Data section:
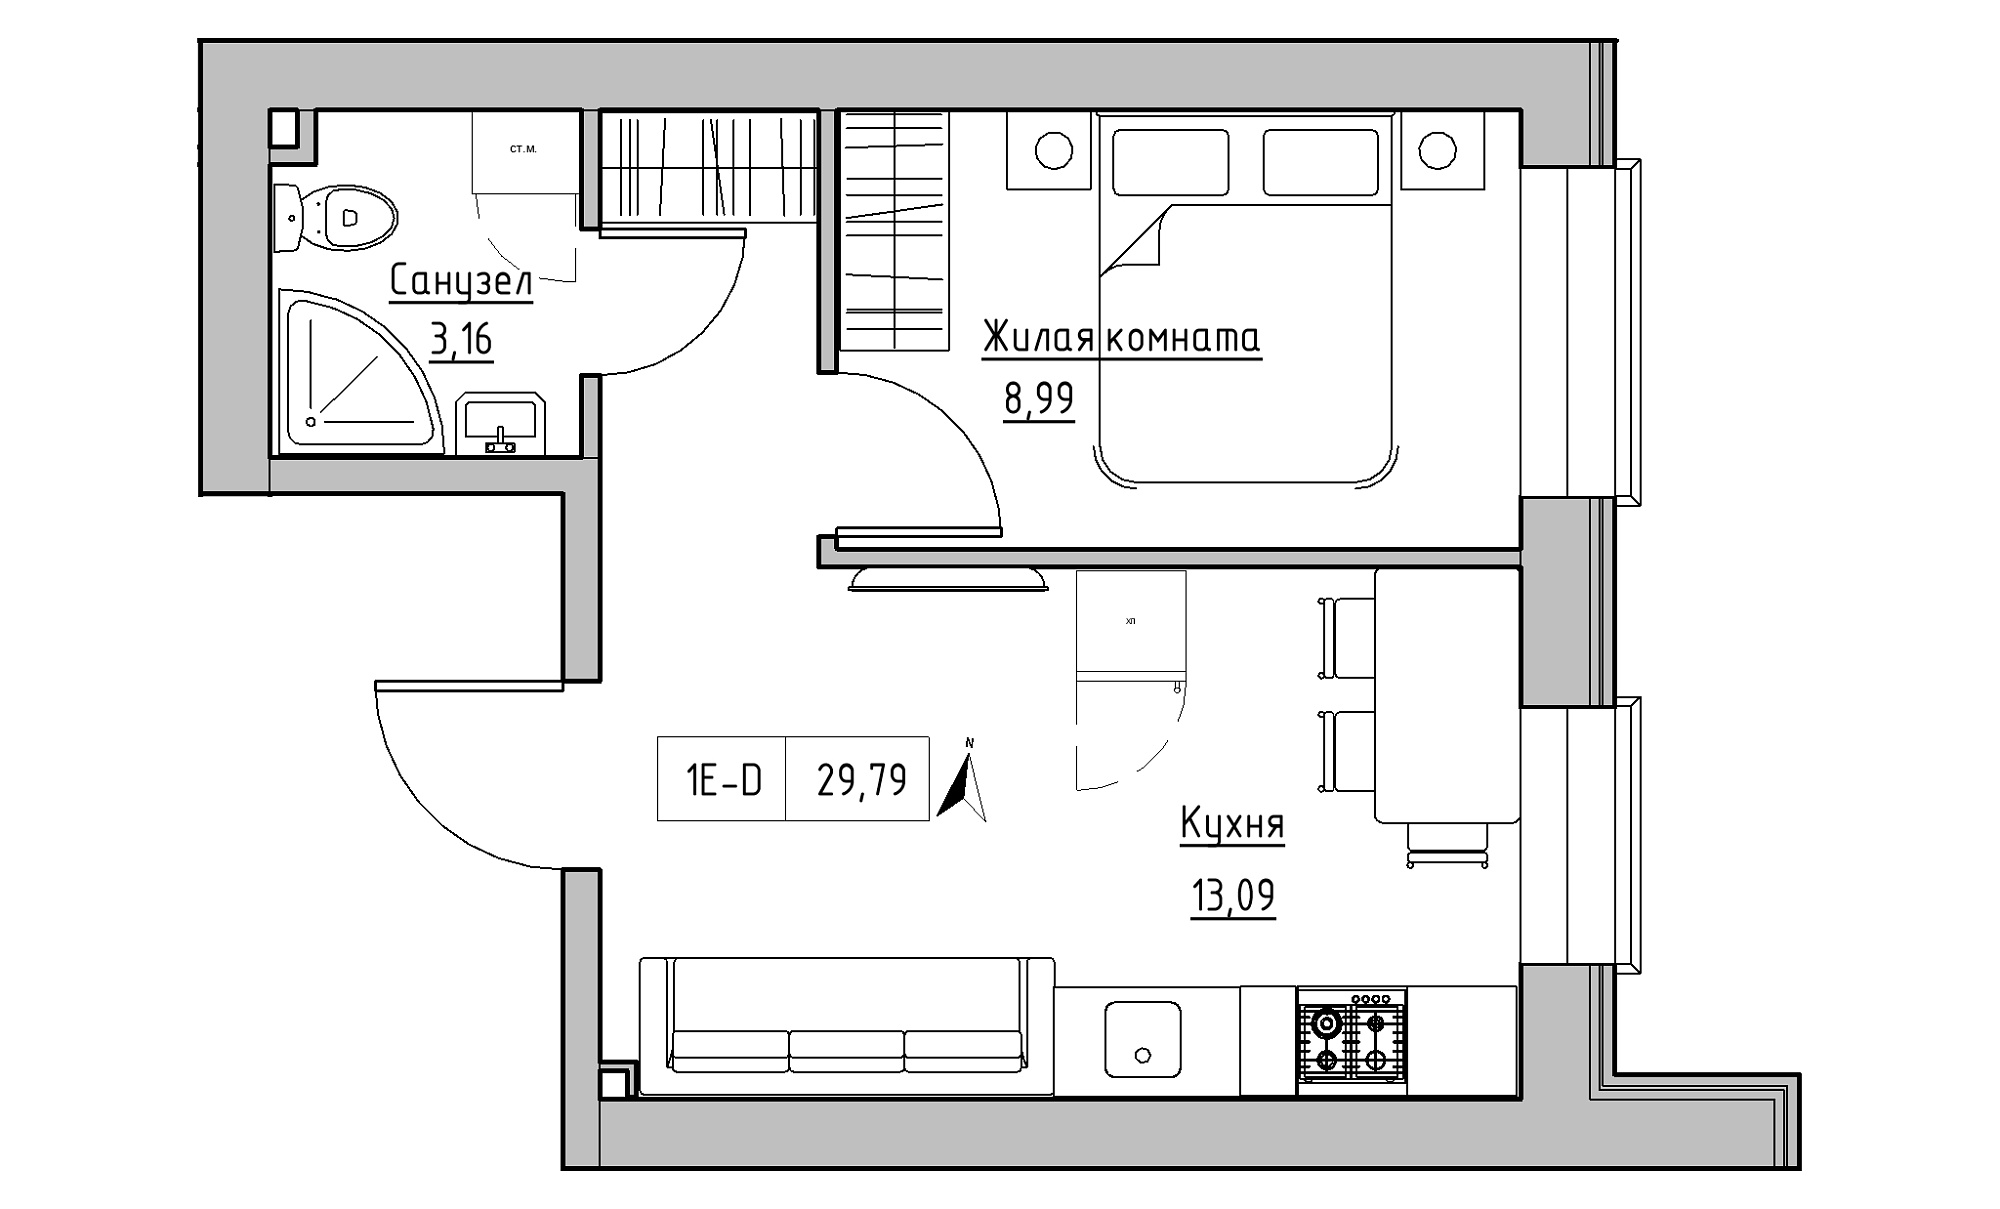 Планировка 1-к квартира площей 29.79м2, KS-016-01/0013.
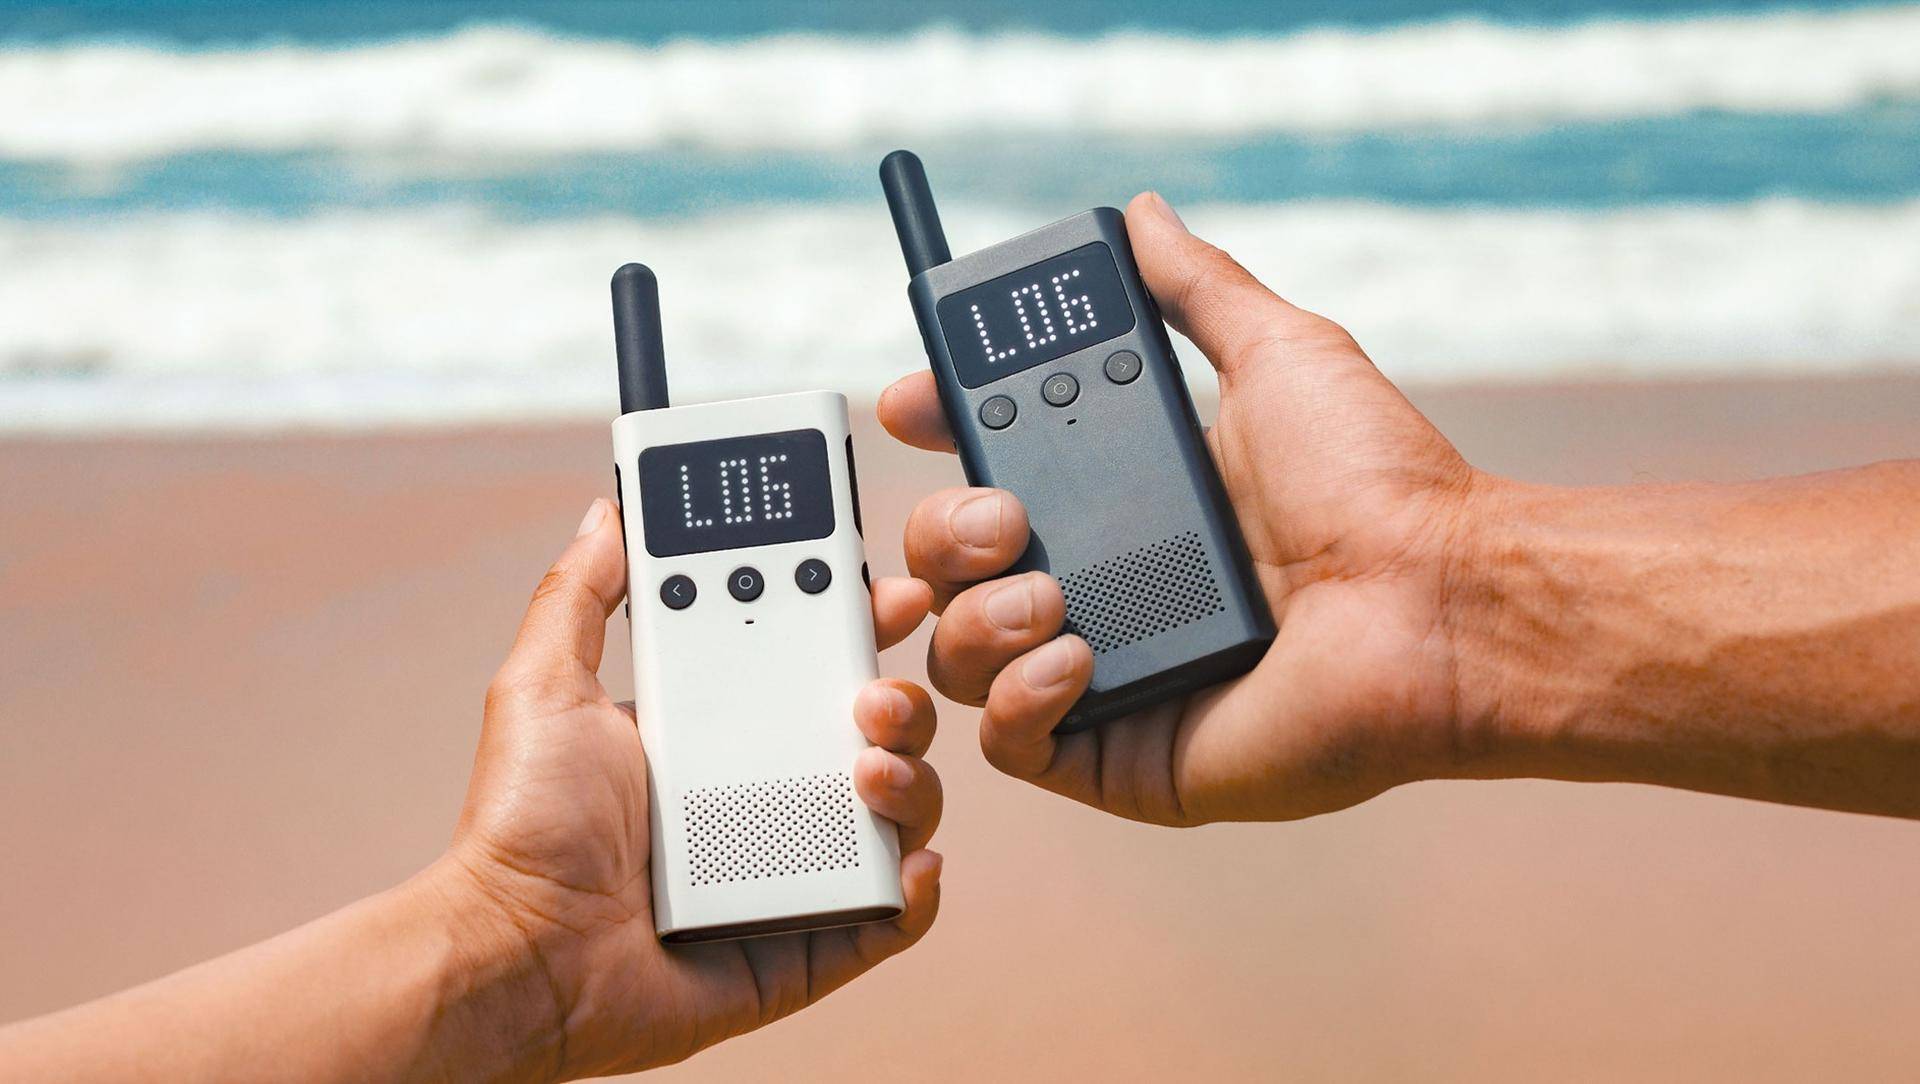 小米手机全新升级小米米家无线对讲机1S发布，市场价249元，轻巧便携式成较大 话题
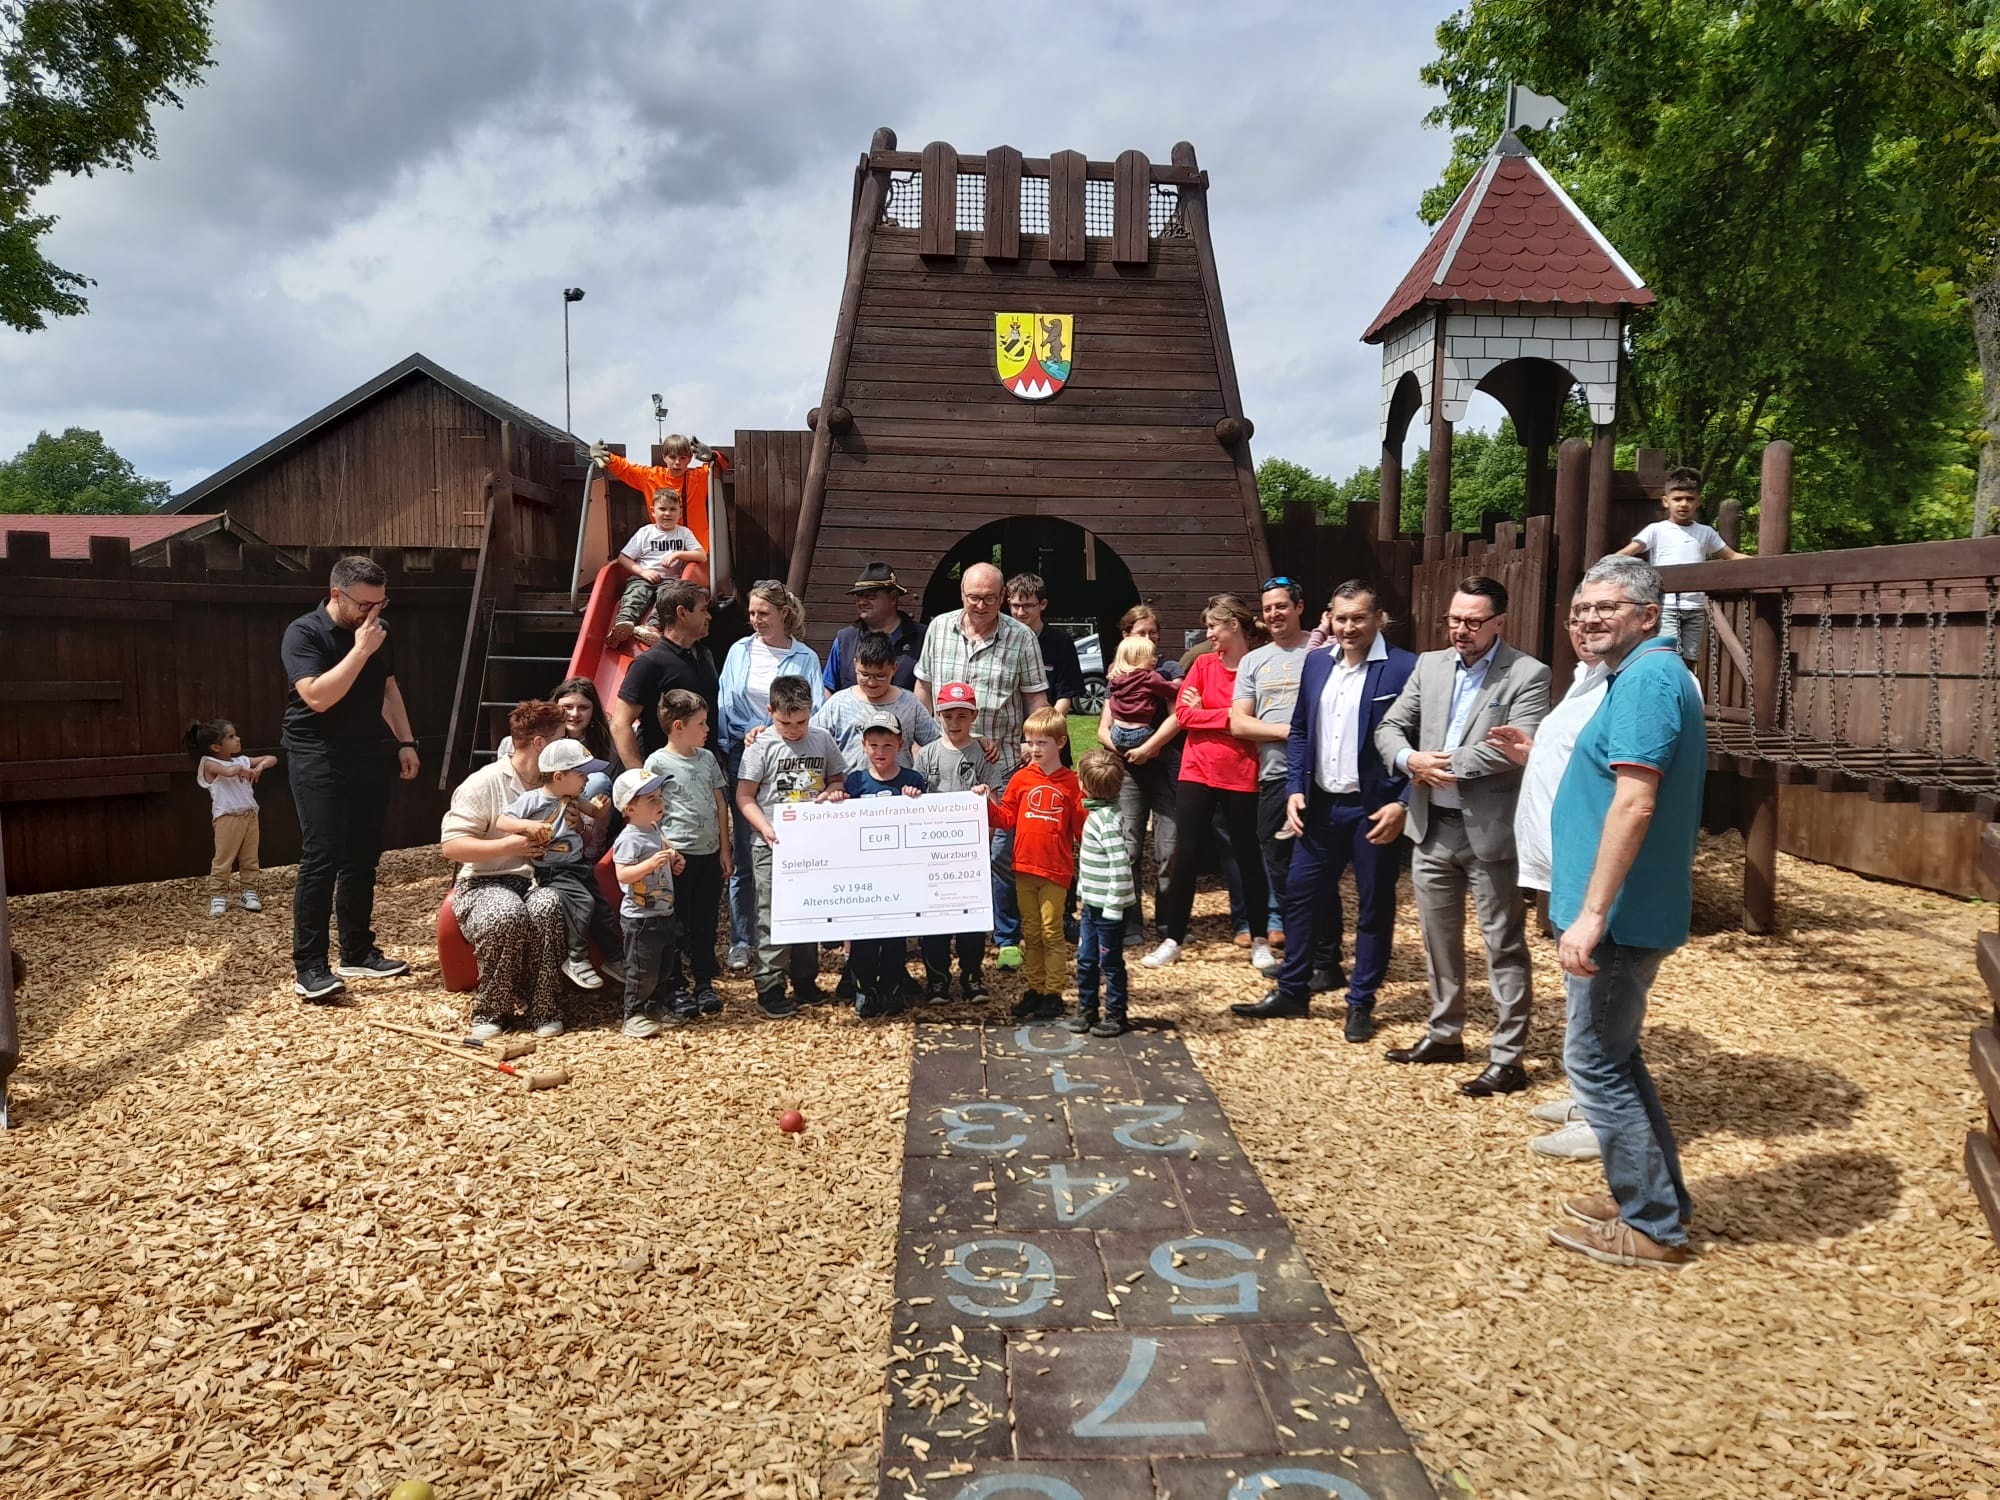 Foto: Kurt Zink | Die Altenschönbacher Kinder und die Eltern sagen "Danke" für den Spendenscheck über 2000 Euro der Sparkasse Mainfranken Würzburg.
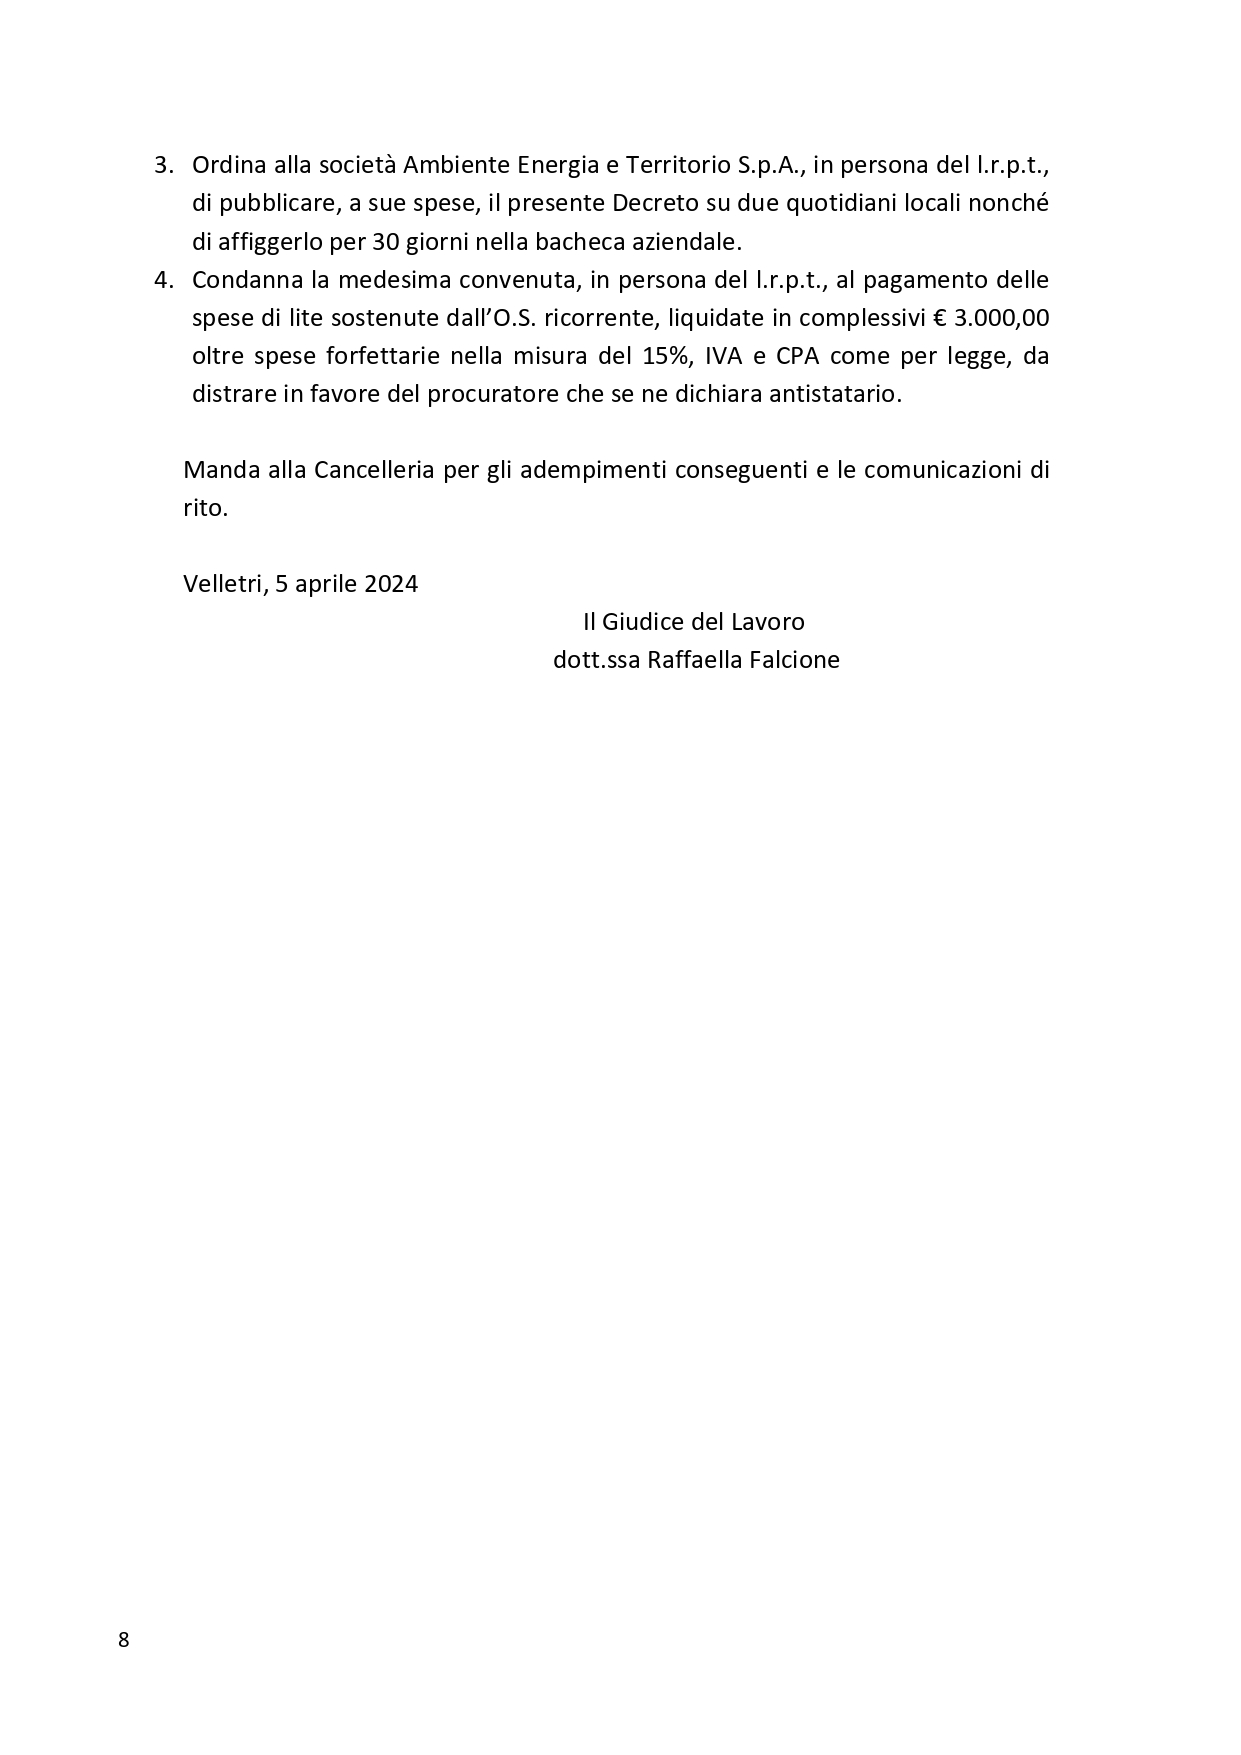 Decreto UGL Ambiente 1 page 0008

Task brief:
Output each line above exactly as it stands, omitting the pictures.

Written solution:
 Планировка 1-к квартира площей 29.79м2, KS-016-01/0013.
 小米手机全新升级小米米家无线对讲机1S发布，市场价249元，轻巧便携式成较大 话题
 Foto: Kurt Zink | Die Altenschönbacher Kinder und die Eltern sagen "Danke" für den Spendenscheck über 2000 Euro der Sparkasse Mainfranken Würzburg.
 Decreto UGL Ambiente 1 page 0008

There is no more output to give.